Guidance on using custom BGP attributes for traffic engineering

Ondrej Zajicek santiago at crfreenet.org
Sun Aug 24 13:59:31 CEST 2025


On Sat, Aug 23, 2025 at 03:44:53PM +0000, yazan slaila wrote:
> Hello there,
> I am currently working on my thesis and experimenting with the BIRD routing daemon. As part of my work, I added a new optional transitive BGP path attribute using the following configuration line:
> 
> attribute bgp 200 bytestring new_attribute;
> 
> ...
>
> But now I would like to use it as part of traffic engineering decisions. Specifically, I would like to understand what steps are required in order to make this new attribute influence the BGP decision-making process for choosing the best path to route the traffic.
> Could you please advise:
> 
> 1. Which files and functions in the BIRD source code are responsible
> for the BGP path selection process that I need to edit to make my new
> attribute come after LOCAL_PREF attribute in the priority list? Or if
> there is a way to do this without the need to edit the source code.

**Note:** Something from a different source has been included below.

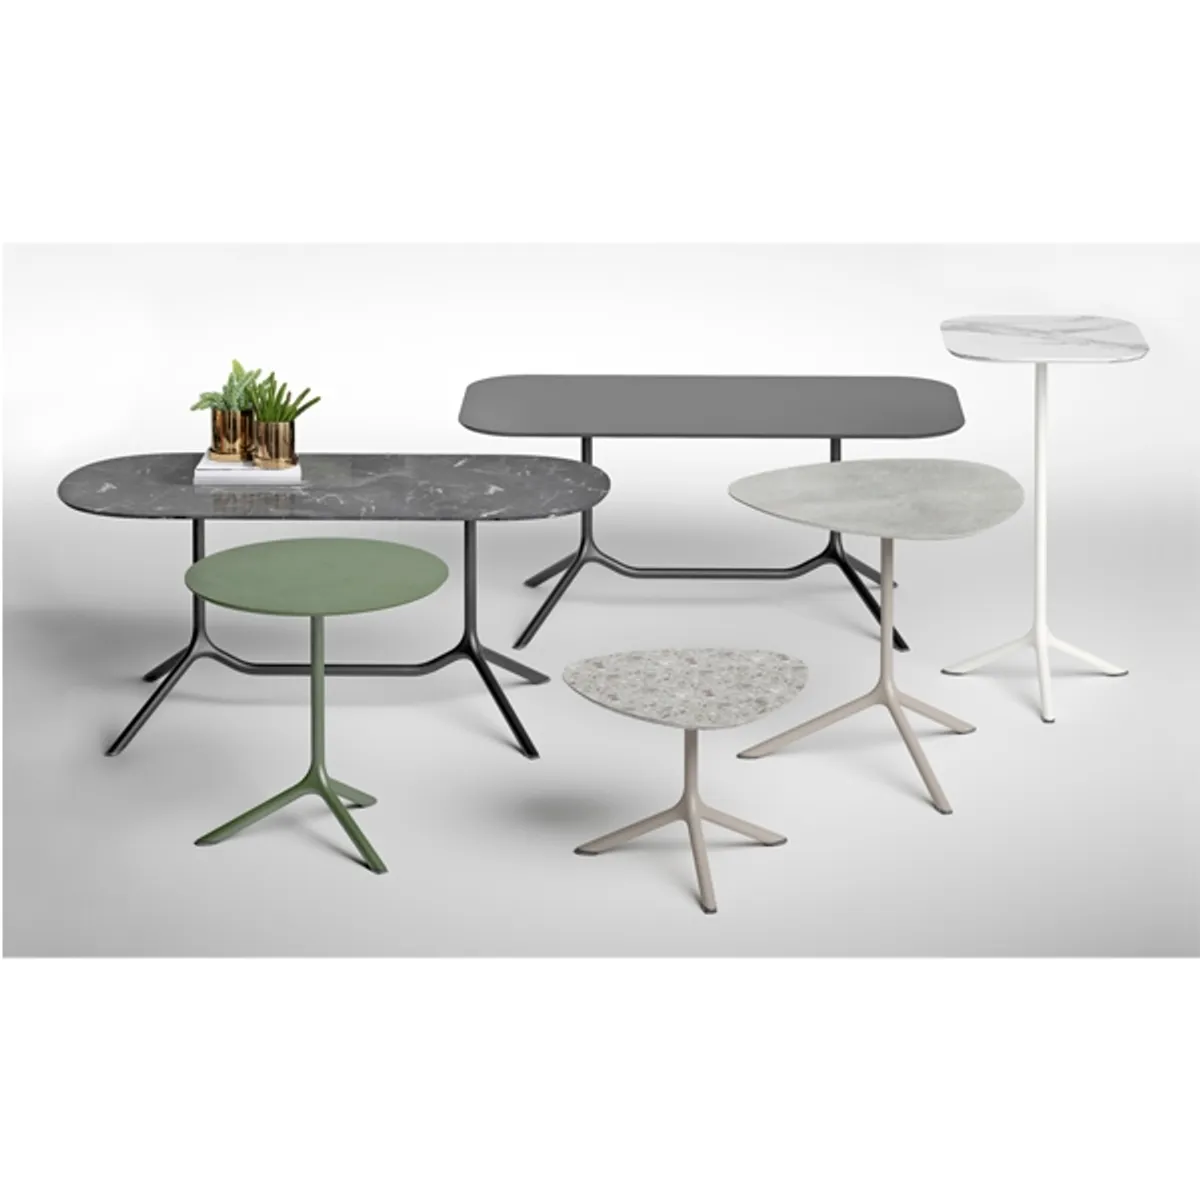 Trinette tables Inside Out Contracts

The bgp_rte_better() function.


> 2. Are the previous things correct to add a custom path attribute that is
> doing something?

Well, custom BGP attributes were not really intended for this purpose,
so related features are limited, but yes, you can add the custom BGP
attribute this way.


> 3. Why is it displaying like this: BGP.c8 [t]: 20? Is there a way to
> make it appear like this: BGP.new_attribute [t]: 20?

Implementation limitation. No name lookup, just prints the attribute code
in hexadecimal.


> 4. Is there a standard or recommended way to extend BIRD so that a custom
> attribute can be incorporated into route preference / best path selection,
> and if I want to compare 2 values and choose the lowest path that has this
> value?

IMHO the best way is just to set route preference based on that
attribute, but that will override LOCAL_PREF comparison.


-- 
Elen sila lumenn' omentielvo

Ondrej 'Santiago' Zajicek (email: santiago at crfreenet.org)
"To err is human -- to blame it on a computer is even more so."